EP800 / EP801 2kg even cheaper too


----------



## RobDom (Oct 26, 2005)

Neither of those are available in the UK so they don't count! Lightweight isn't everything.


----------



## masammut (Jul 13, 2011)

RobDon said:


> Neither of those are available in the UK so they don't count! Lightweight isn't everything.


CYC used to stock the EP800 and soon getting the EP801 - I bought 2 EP801s lovely machines - light, good balance, not noisy, and powerful. what else do you want in a polisher?


----------



## masammut (Jul 13, 2011)

my previous machine was 3kg and it gets proper tiring after doing a whole car!


----------



## RobDom (Oct 26, 2005)

One that's actually available to buy!


----------



## masammut (Jul 13, 2011)

RobDon said:


> One that's actually available to buy!


many ppl are recommending the Rupes LH18 ENS http://www.rupes.com/p/mt/en/0207585880250

Very light and durable as they are used for marine applications.


----------



## Alzak (Aug 31, 2010)

masammut said:


> CYC used to stock the EP800 and soon getting the EP801 - I bought 2 EP801s lovely machines - light, good balance, not noisy, and powerful. what else do you want in a polisher?

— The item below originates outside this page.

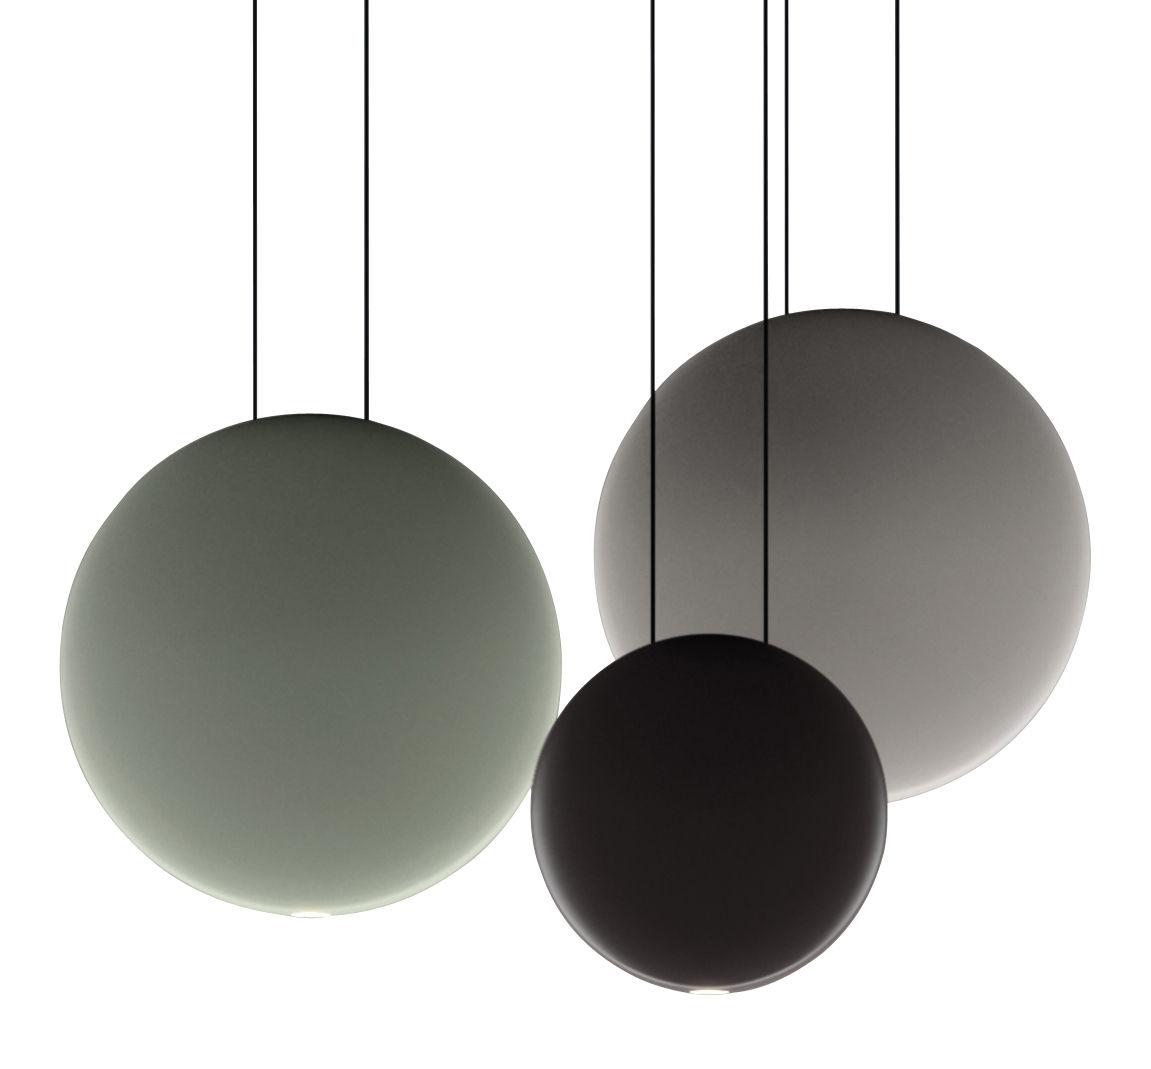 Leuchten - Pendelleuchten - Cosmos Pendelleuchte LED / Set mit 3 Pendelleuchten - L 55 cm - Vibia - Grün Ø27 / Grau Ø27 / Braun Ø19 - Polykarbonat

Have to agree on this I also bought EP801 last year and is a lovely machine not as good as festool ... but for this price You can get anything better than that


----------



## RobDom (Oct 26, 2005)

I've heard the Rupes are quite loud and they eat brushes! Also the EP801 does look nice but it's not available in the UK.


----------



## Saab_viggen (Jun 15, 2012)

Im in the market for a rotary, and too started looking at this dewalt machine (£140 price point) as seen it alot in the meguiars training videos so figured it must be good. most of my other home tools drills saws etc are dewalt and always been v good. but the 3kg weight factor does bother me on a tool I want to be able to float around like a dance partner.. I also looked at the dodo juice machine, but no idea of the pedigree of the actual manufacturer of the dodo badged polisher. from the close up pics of dodo polisher the plastic mouldings looked a bit rough. other people also moaned about this polisher not liking the grip and trigger. I just didnt like dodo juice marketing style - put me off, seemed a bit silly to me unprofessional choice of branding ,but cant say nout against their product as not tried. I just think the logos and stuff about DAD's is a bit dumb and toytown, and puts me off even trying any!. Having read this thread Im really interested in the Rupes rotary LH 18ENS. looks like its nice and balanced and nice handle end (looks a bit like a copy of the flex one) I just can yet find it for sale like the one that is pictured. 
the one on the rupes .co.uk website looks different. http://www.rupestools.co.uk/index.php?i=144

I would go for a CYC EP801 if could get one as dont really want to spend more than £100, as its only for light use. what happened did they loose a shipping container in the sea en route from china??


----------



## masammut (Jul 13, 2011)

Saab_viggen said:


> http://www.rupestools.co.uk/index.php?i=144
> 
> I would go for a CYC EP801 if could get one as dont really want to spend more than £100, as its only for light use. what happened did they loose a shipping container in the sea en route from china??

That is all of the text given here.